Retail Sales: November Stole the Show from December
The Commerce Department's retail and food services sales tally for December rose to $380.9 billion, up 7.9% from December 2009, but up just 0.6% from November. Excluding auto sales, totals were up 6.7% from 2009 and 0.5% from the month before, slightly less than analysts had expected.
The Commerce Department's tally is the most complete picture of the retail sector, including gas, food and auto sales, as well as the results from Walmart Stores (WMT), the world's largest retailer, which doesn't publicly report monthly sales.
The numbers weren't a surprise: Industry observers were disappointed last week when major retailers reported that December sales were weaker than expected due to bad weather and consumers who had front-loaded their holiday shopping, spending heavily during late November's Black Friday sales. Merchants now worry that the December numbers are a sign that shoppers will close their wallets again in 2011.
"I don't think people believed that November's growth was sustainable, not any indication on a macro basis that the consumer is really back," says Kevin Regan, senior managing director of FTI Consulting. The holiday season was the best since 2006, but shoppers are still paying down debt and trimming spending while they wait for a significant improvement in the economy, he said.
November sales could have been "a one-time binge" as consumers chose to splurge on the holidays before returning to paying down debt in 2011, said Regan.
Some gift-related segments showed a loss of momentum going into the final stretch of the holiday. For example clothing stores, which were up 7.4% compared to December 2009, dipped slightly from November's totals, down 0.2%. And the inclement winter weather had a silver lining for hardware stores, which were up 2% in December over the month before, and 13.1% over the same month a year earlier.
Healthy Increase for E-Tailers
"The December retail sales report had Mother Nature's paw print all over it," said Brian Sozzi, analyst at Wall Street Strategies. The weather had a part in holding down some of the momentum retail that had been seen since back-to-school season, but just how much of the slack was weather-related, as opposed to "early holiday season spending hangover" won't become clear until we see what shoppers do in coming months, he said in a note to investors.
A few segments showed signs of continued strength: Auto dealers' sales were up 14.7% from December 2009 and 1.1% higher than in November, a sign of Detroit's continued climb from the depths. And nonstore retailers -- a segment mainly made of up of online stores -- saw sales rise 15% year-over-year and 2.6% over the month before, the biggest monthly jump for any retail segment, as shoppers continued to adopt e-tailing.
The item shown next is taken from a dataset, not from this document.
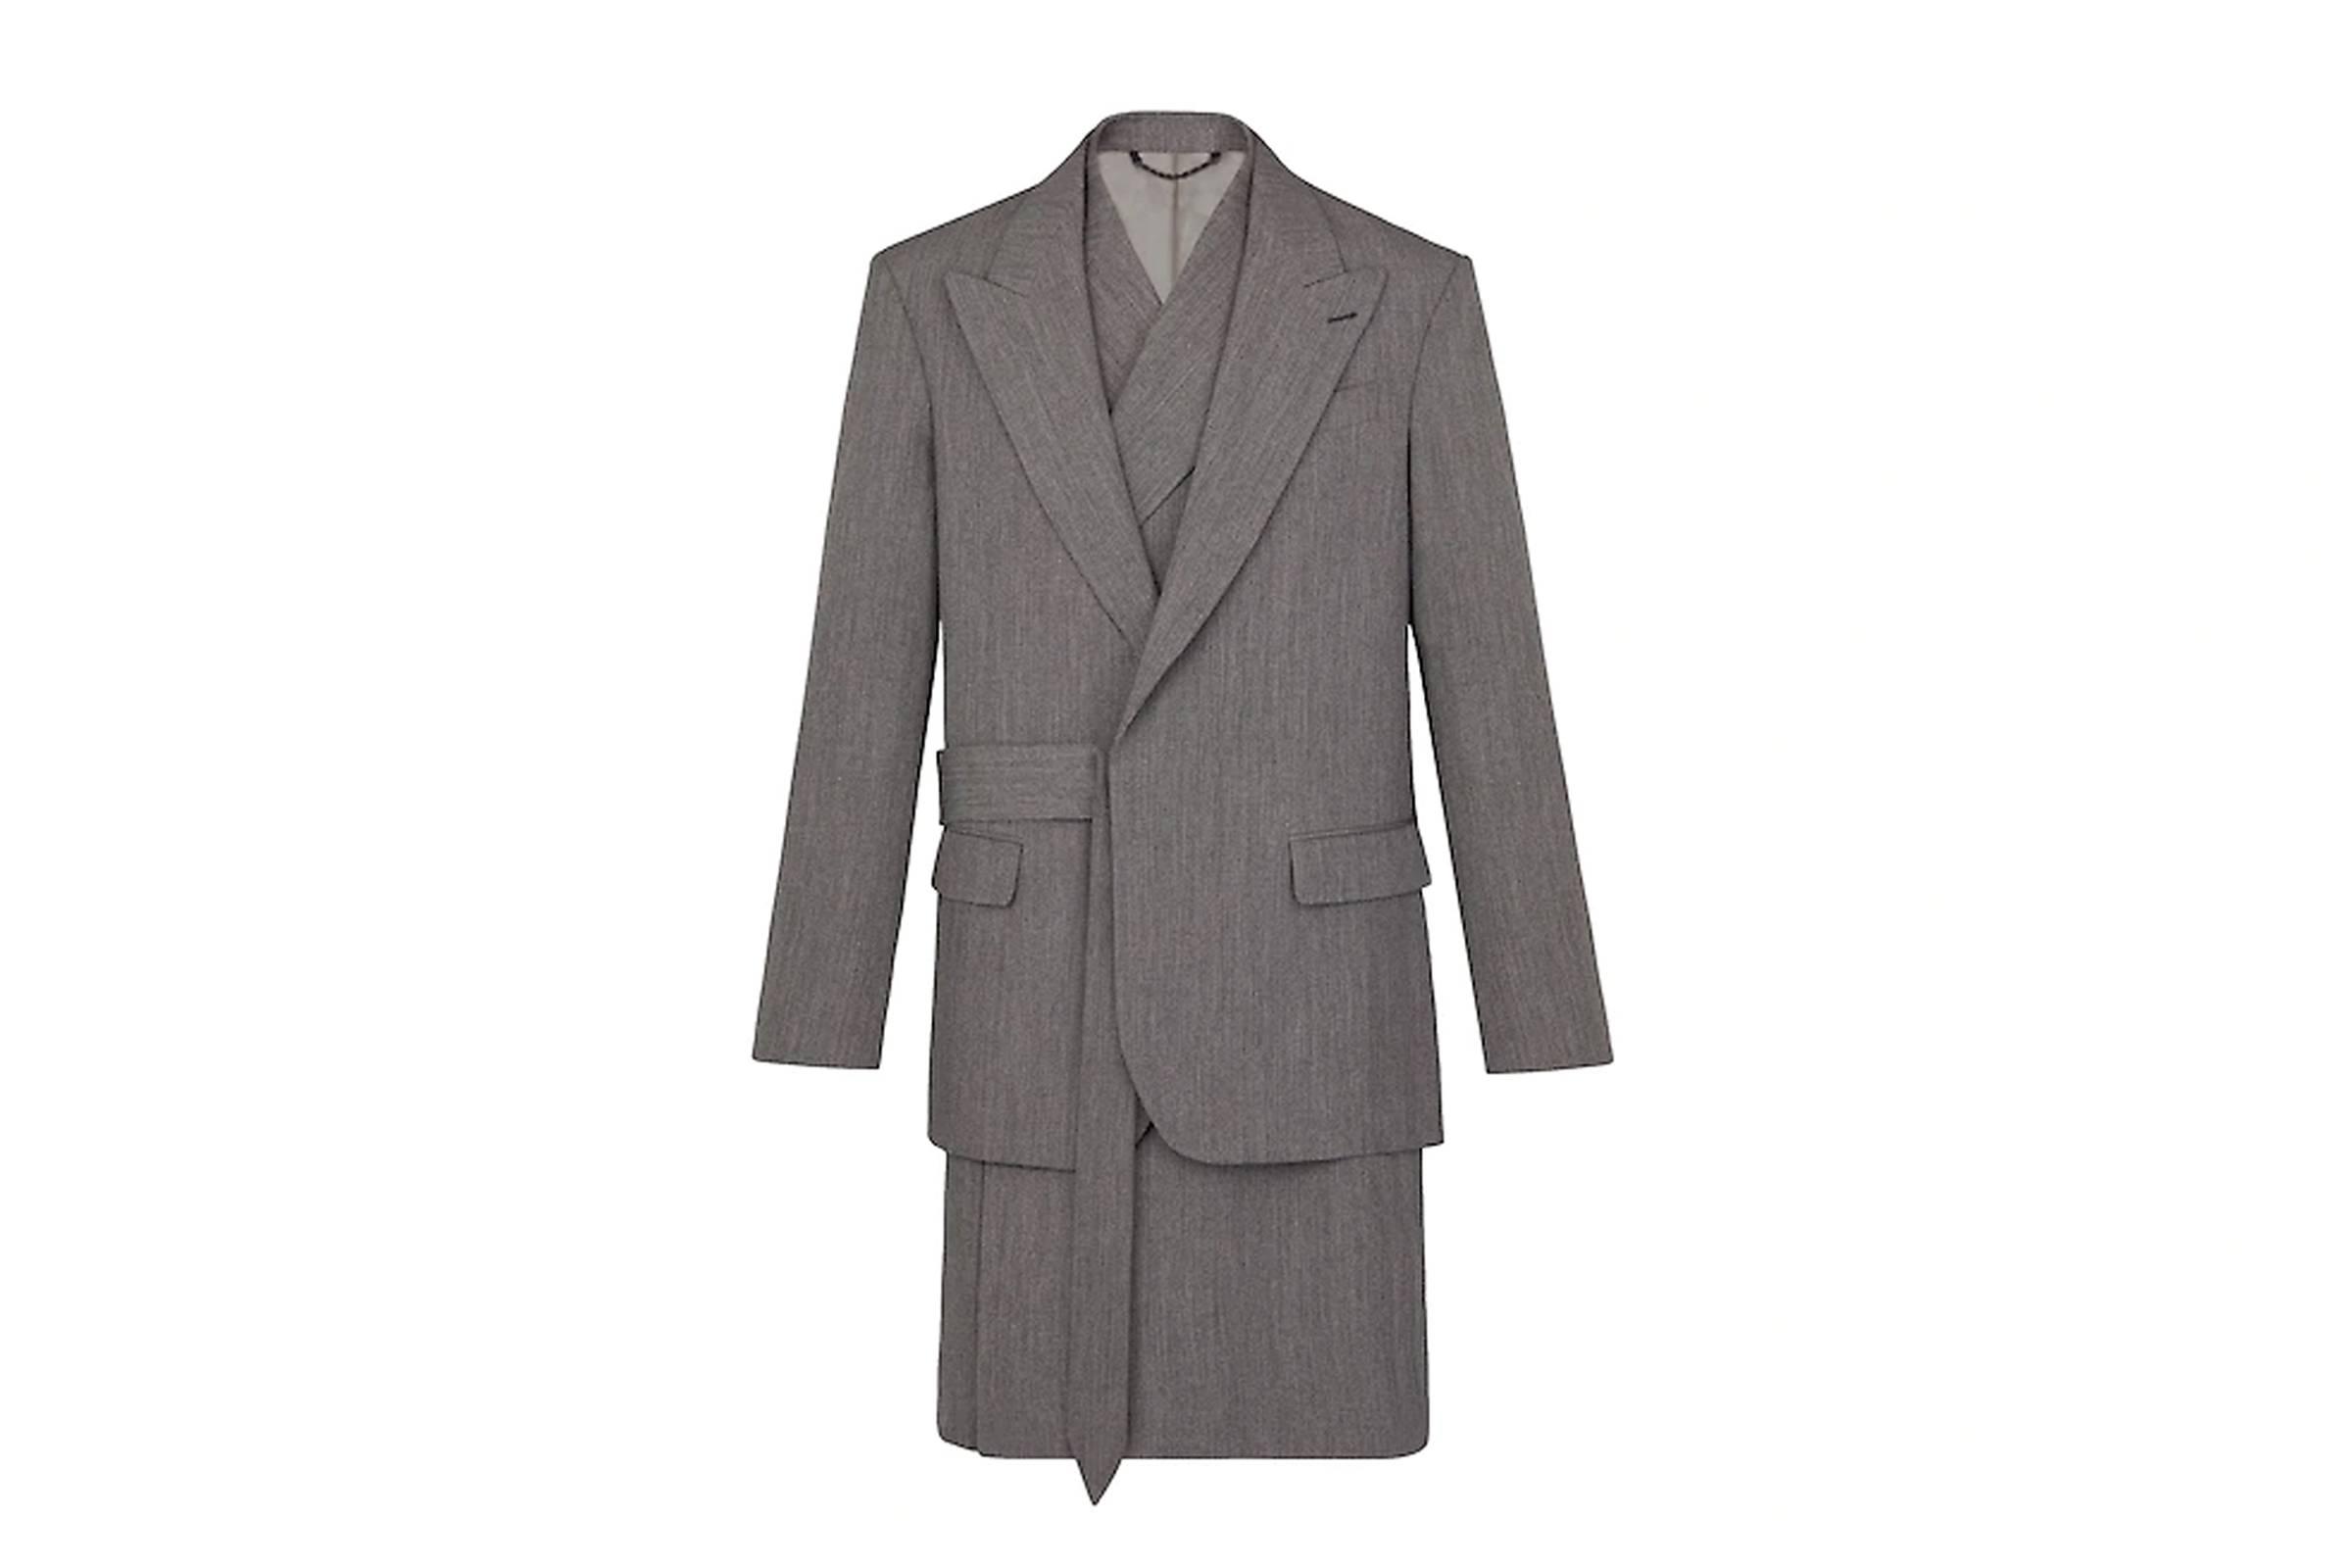 Louis Vuitton 3-in-1 Double Layer Coat

But the retail recovery remains an iffy proposition, according to attendees at the recently concluded annual meeting of the National Retail Federation, the industry's trade group.
The Rich Are Spending Again
The affluent consumer is shopping again, as evidenced by Tiffany (TIF) raising its guidance earlier in the week. But mass consumers are still counting their pennies and worrying about the state of the job and housing markets, said merchants.
The split was clear in last week's major merchant announcements, when luxury retailers such as Saks (SKS) and Nordstrom (JWN) posted strong sales gains, while mass merchants such as Target (TGT) and BJ's Wholesale Club (BJ) were disappointed.
"The economy is starting to grow again, and that's fantastic, but it's broken into two economies," says Matt Rubel CEO of Collective Brands (PSS) the parent of Payless Shoesource. "The upper end is doing well, but we need to create jobs for the mass and base consumer who has 15% unemployment, not 9.5%."
There is still "an air of caution out there," says Regan. Gas prices are rising, which will put a damper on spending in coming months, as consumers have to choose between shopping and driving. Inflation in areas such as food and clothing will also put pressure on household budgets in early 2011.
"Things have not improved enough for consumers to do more than fix their balance sheet," Regan says. "The consumer wanted to put some presents under the Christmas tree, but I think they are going to bear down."